Denver District Court Finds Plaintiff Who “Takes a Short Cut” Across Defendant’s Parking Lot a “Trespasser” under the Colorado Premises Liability Act
Chance Koch v. ABM Parking Services, Inc. f/k/a AMPCO System Parking, District Court, City and County of Denver, Case Number: 2014CV30067
On January 7, 2015, Attorney Clinton Coberly of Hall & Evans, LLC’s Denver office obtained summary judgment of a premises liability claim from Judge Andrew McCalin of Denver County District Court. In the case, Plaintiff alleged that he slipped and fell on black ice in Defendant ABM Parking Services, Inc.’s (“ABM”) pay-by-the-hour parking lot at 2:00 a.m. and sustained serious injuries to his ankle. It was undisputed that Plaintiff was not a customer of the lot, and he was not visiting any nearby restaurants, bars or other businesses adjacent to the lot. Rather, Plaintiff was taking a shortcut across the lot to get to a friend’s residence when he slipped and fell.
The issue presented by the motion was whether Plaintiff was a licensee or a trespasser under the Colorado Premises Liability Act, C.R.S. § 13-21-115 (2015)(the “Act”). Under the Act, a landowner’s duty of care depends upon the injured person’s status as an invitee, licensee, or trespasser when that person enters the landowner’s property. C.R.S. § 13-21-115(3). A “licensee” is a “person who enters or remains on the land of another for the licensee’s own convenience or to advance his own interests, pursuant to the landowner’s permission or consent.” C.R.S. § 13-21-115(5). If Plaintiff qualified as a “licensee” under the Act, ABM would have owed Plaintiff the duty to use reasonable care to warn him of dangerous conditions about which ABM had actual knowledge. C.R.S. § 13-21-115(3)(b)(I)-(II).
A “trespasser” under the act is a person who enters or remains on the land of another without the landlord’s consent. C.R.S. § 13-21-115(5). If Plaintiff qualified as a “trespasser” under the Act, ABM would only be liable for the injuries that ABM “willfully or deliberately” caused. C.R.S. § 13-21-115(3)(a).
Plaintiff argued he was a licensee and maintained consent to enter the lot could be implied because there no signs prohibiting non-paying customers from entering or trespassing.

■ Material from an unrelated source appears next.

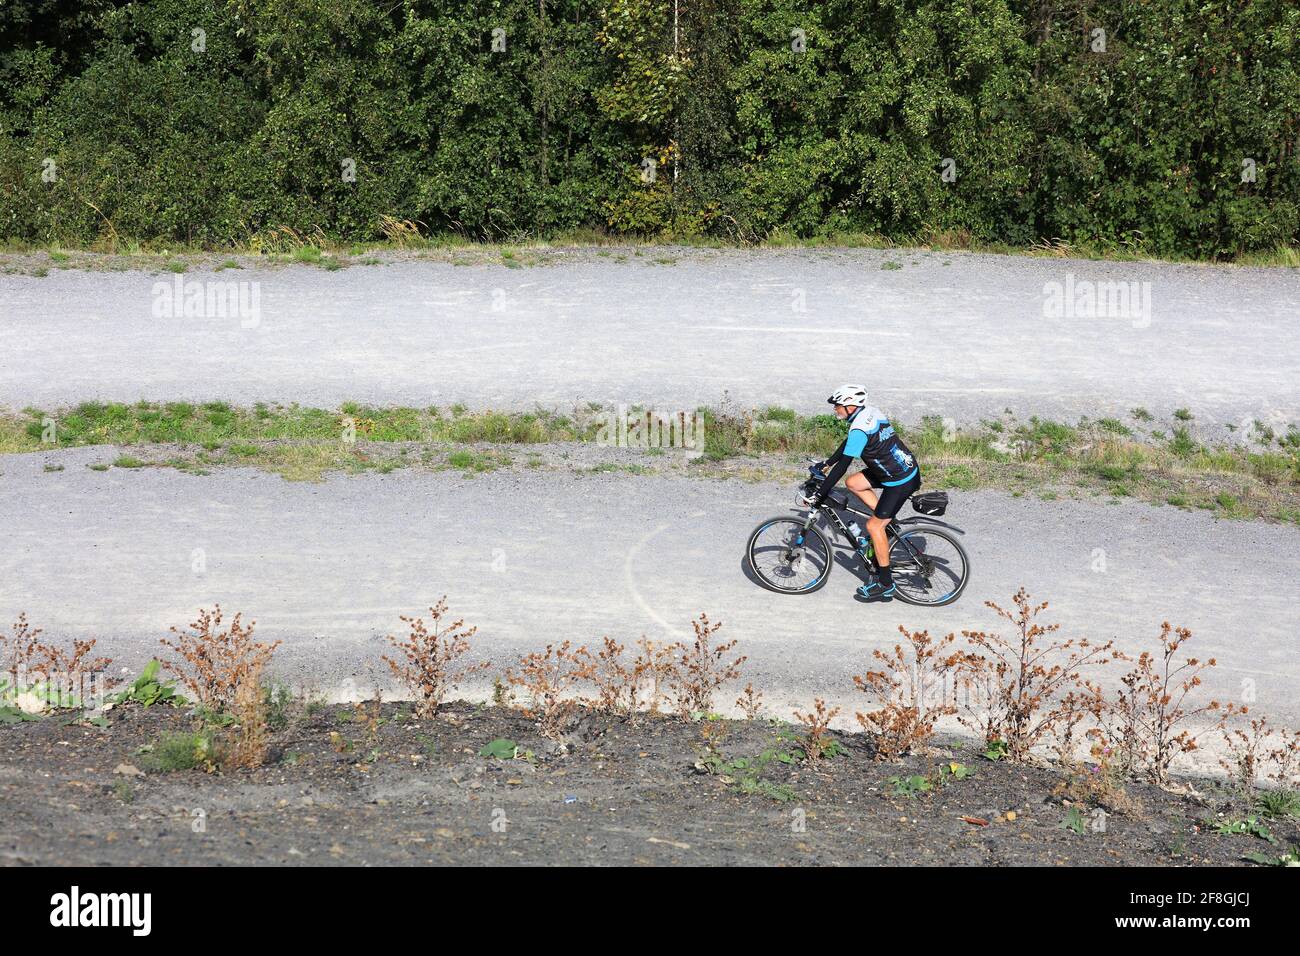 GELSENKIRCHEN, DEUTSCHLAND - 17. SEPTEMBER 2020: Radfahrer besuchen das umfunktionierte Naherholungsgebiet der Rheinelbe-Schlackenhaufen in der Stadt Gelsenkirchen, einem Teil von Ruhrge Stockfoto

Plaintiff further argued consent was implied from the way the parking lot was situated in relation to an adjoining restaurant, which opened to the parking lot, making it necessary to cross the lot to get into the restaurant. Plaintiff also argued consent was implied because during street festivals, the lot is open to everyone. Plaintiff did not allege that ABM willfully or deliberately caused his injuries.
ABM disputed that consent could be implied from the circumstances presented. Mr. Coberly argued Plaintiff was not attending a street festival or patronizing the adjoining restaurant and that Plaintiff could have taken an alternate public route to get to his friend’s apartment without trespassing through the ABM lot. Mr. Coberly further argued that summary judgment should be granted because Plaintiff was a trespasser and had not alleged ABM willfully or deliberately caused his injuries.
The Court agreed with Mr. Coberly and ABM. While there may have been implied consent for street festival attendees and patrons of the adjoining restaurant, the Court found the implied consent did not extend to Plaintiff because he was not attending a street festival or visiting the adjoining restaurant at the time of the slip and fall. Importantly, the Court held an entrant’s use of the lot must bear a relationship to the circumstances giving rise to the implied consent to enter the lot in order for the entrant to qualify as a licensee. Since there was no implied consent for Plaintiff (or other pedestrians) to use the lot as a shortcut or a general route of traverse, the Court found Plaintiff was a trespasser at the time of the incident. Because Plaintiff was found to be a trespasser when he fell and no willful or deliberate conduct was alleged, summary judgment was appropriate.
This is an important case that stands for the proposition that a plaintiff who is injured while crossing the land of another as a means of egress, rather than for the purposes of patronizing their establishment, may qualify as a trespasser. In such a case, the landowner would only be liable to the trespassing plaintiff for injuries it willfully or deliberately caused. However, the Court’s decision did suggest that had plaintiff been patronizing the adjoining restaurant, the restaurant may have owed plaintiff a duty under the Act, even though the restaurant did not own, lease or occupy the parking lot where the allegedly defective condition existed. Therefore, where there may be implied consent to use a parking lot or a part of a neighbor’s land to enter an adjoining establishment, the adjoining landowner may owe a duty of reasonable care to warn its patrons of dangerous conditions of which it is aware of on their neighbor’s land.